Concerts a $20m bonus (+ video)

International promoters are eyeing Dunedin for regular sell-out concerts after Forsyth Barr Stadium delivered strong ticket sales and a nearly $20million boost to the city's economy, the man in charge says.

Figures released by Dunedin Venues Management Ltd yesterday showed big concerts by Rod Stewart, Neil Diamond and Fleetwood Mac had together pumped an estimated $19.7million into the city's economy this year.

DVML chief executive Terry Davies said the results showed the stadium was delivering on "two key drivers'' - delivering economic benefits and a boost to the city's pride.

It was also impressing international concert promoters across the industry, as the city and its stadium now appeared to be "the talk of the town'', he said.

Last month's sell-out show by Fleetwood Mac led the economic charge, contributing $8.9million after pulling in about 35,000 fans, of whom more than half (59%) were from outside Dunedin, the survey showed.

Rod Stewart's April show came second, drawing 22,052 fans, 68% of them from outside Dunedin, who together contributed $7.2million to the city's economy.

Neil Diamond was third, with 13,073 fans, 59% from outside Dunedin, tipping in $3.6million.

The results were based on surveys sent to ticket-holders after each show, which also showed the majority of fans for each show came from around the South Island, mainly from Canterbury, other parts of Otago and Southland.

"What has happened in the last 12 months is from being a high-risk venue to bring international content, we're now at the forefront,'' Mr Davies said.

"After this round of ticket sales, promoters are suggesting this [major concerts] might be a regular occurrence here.

"That's a consistent conversation with all the major promoters,'' he said.

The results - particularly in attracting nearly 50,000 fans to two concerts less than a month apart - were something DVML and the city should be "very satisfied with'', he said.

Dunedin Mayor Dave Cull agreed, saying the "world-class'' venue was delivering big crowds, as well as big acts, to the city.

"As well as the obvious economic benefits, it is great to be able to welcome so many visitors to the city as a result.''

The stadium remained a controversial project for some, with lingering questions about its ability to deliver without an annual injection of $11.65million in ratepayer funding.

But Mr Davies said the results showed ratepayers were getting something for their money.

"The reality with this is without the roofed stadium ... the city wouldn't have had that content coming through. That's pretty obvious.

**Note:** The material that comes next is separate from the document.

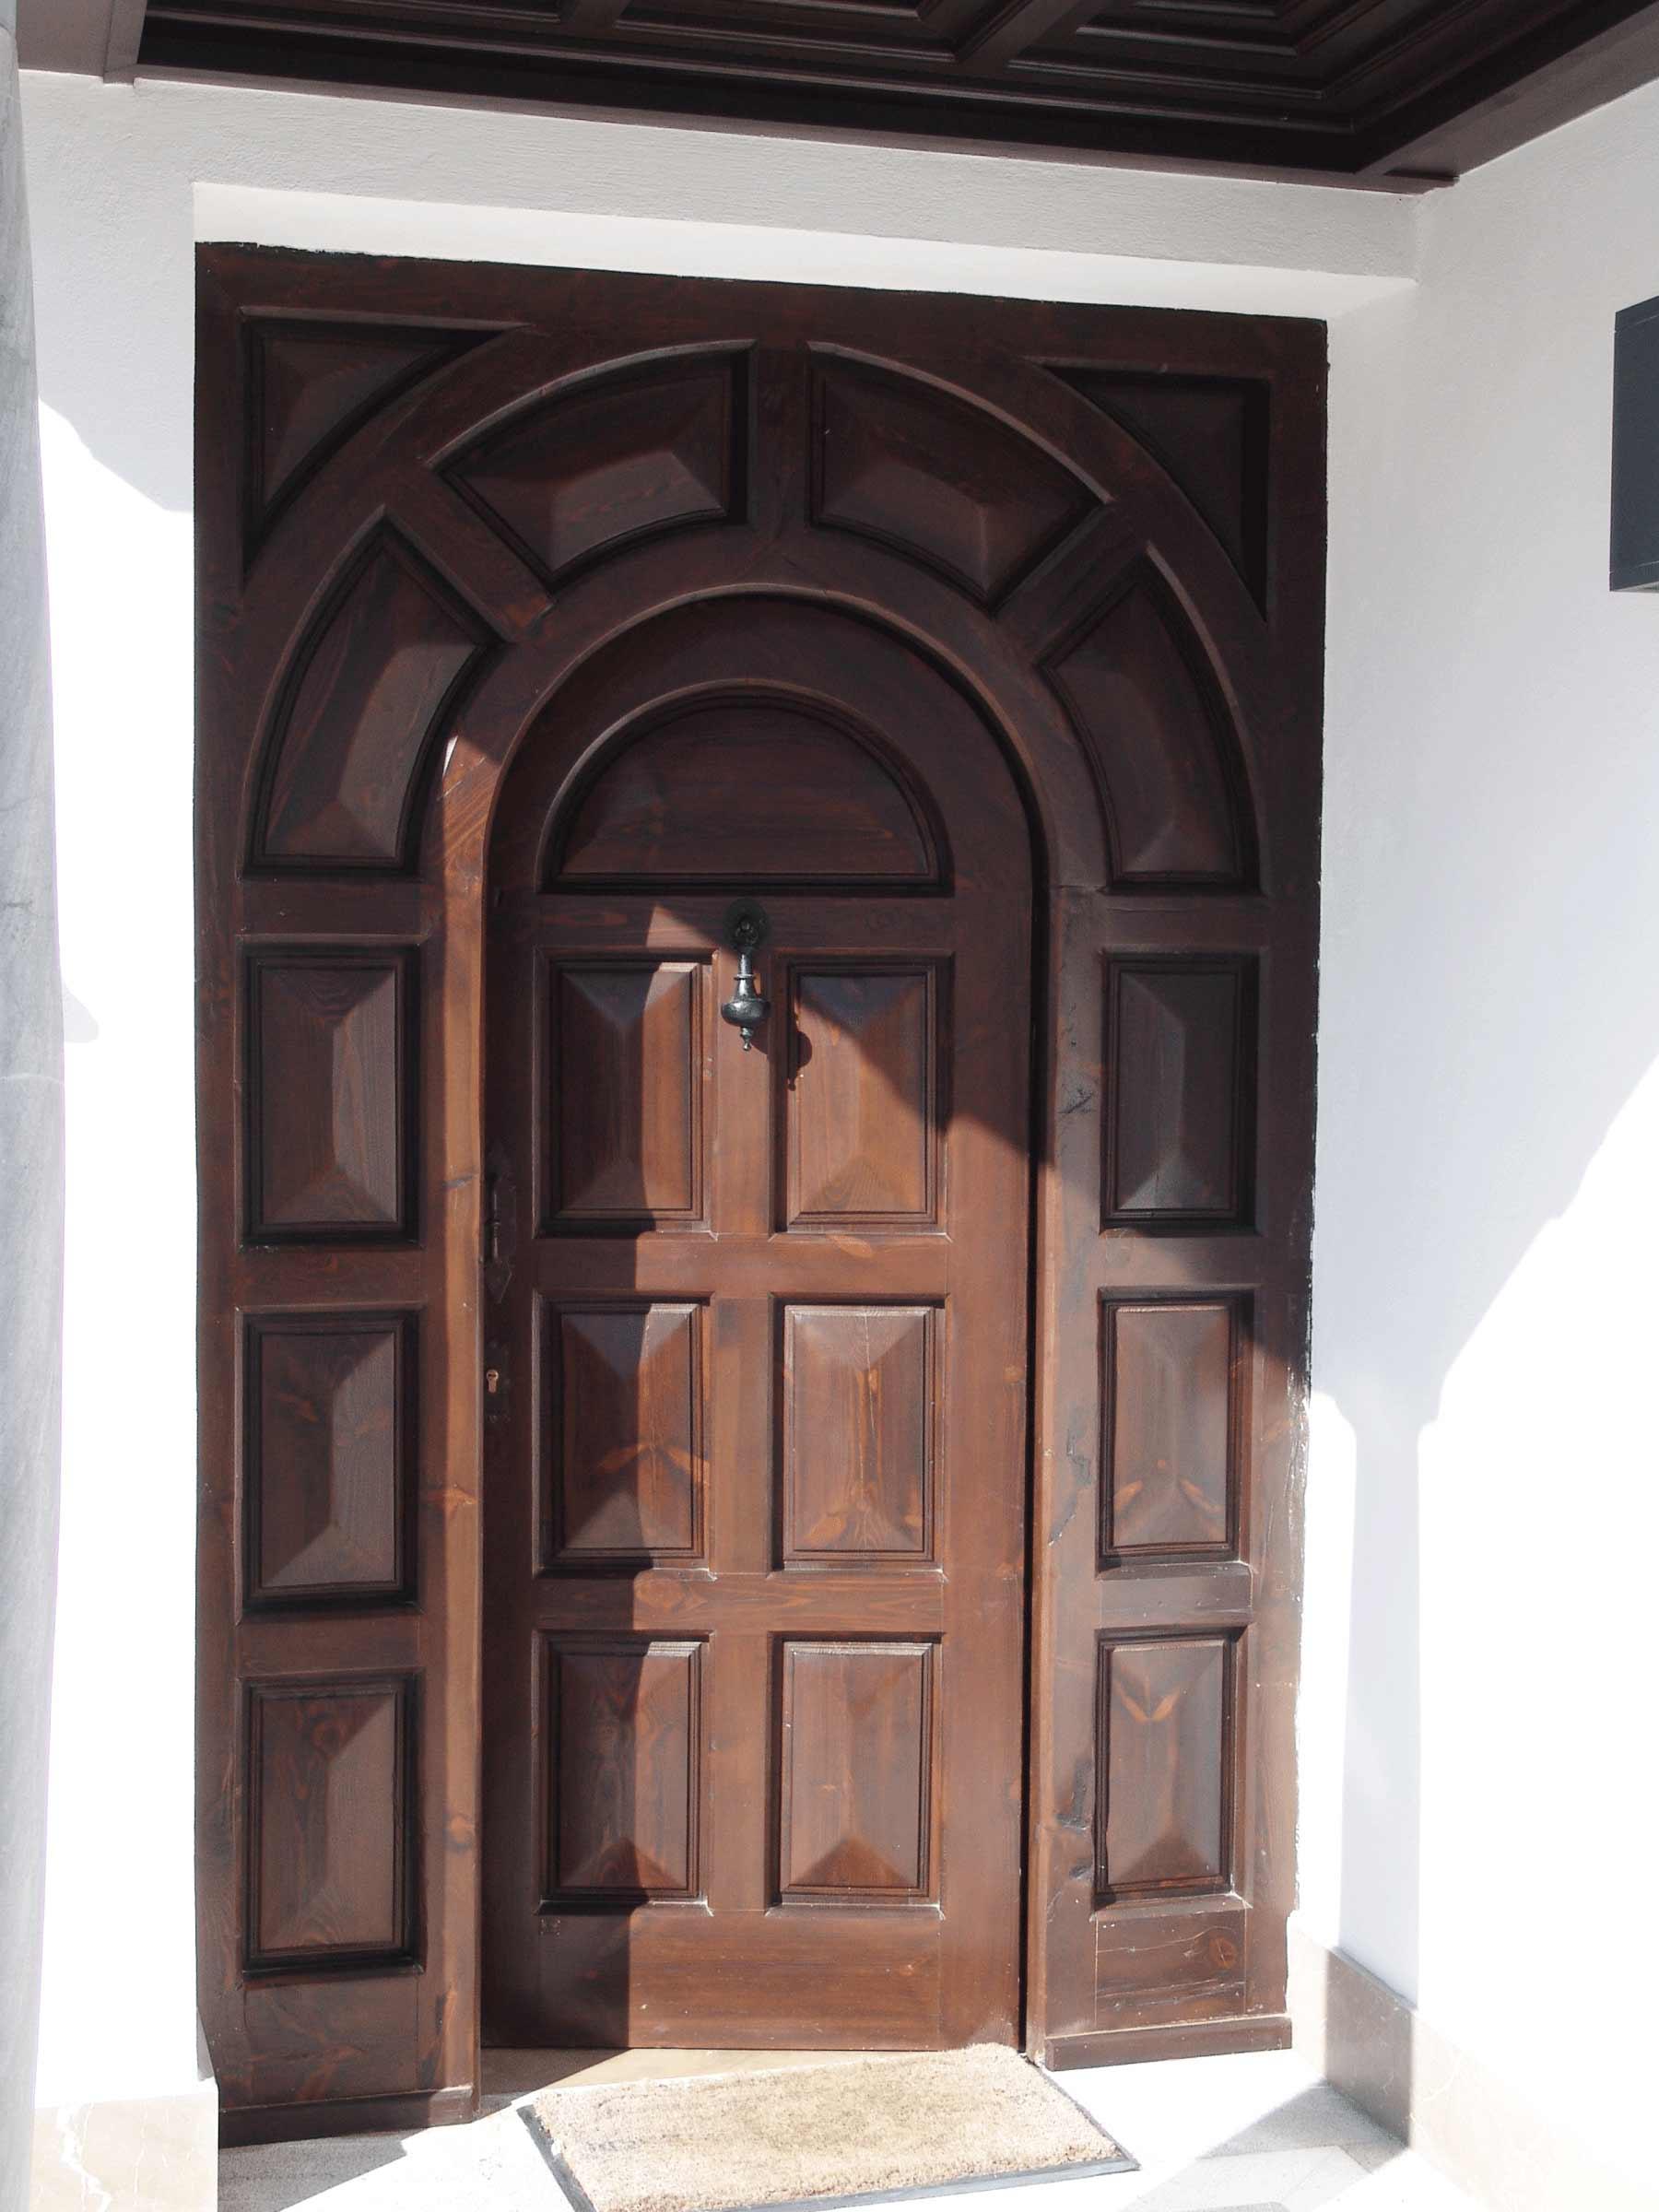 Puerta con embocadora

"The stadium's up. It's here, and to deliver those sorts of results, and if we can deliver it again in 2016-17, or better, that'll be great.''

The benefits of the roof were underscored during recent weather-affected concerts when thousands of Fleetwood Mac fans were soaked in Auckland, and AC/DC retreated from the stage for nearly an hour in Wellington, he said.

"We're delivering a great experience for the artists [and] for the punters. It's an easy experience for the production crews.

"A conversation 12 months or 18 months ago, about us hosting two or three shows of 30,000-plus, would've just been fanciful. Now it's absolutely real.''

Mr Davies declined to say which acts were being targeted beyond Black Sabbath's show next April, but signs were promising for the second half of 2016 and into 2017.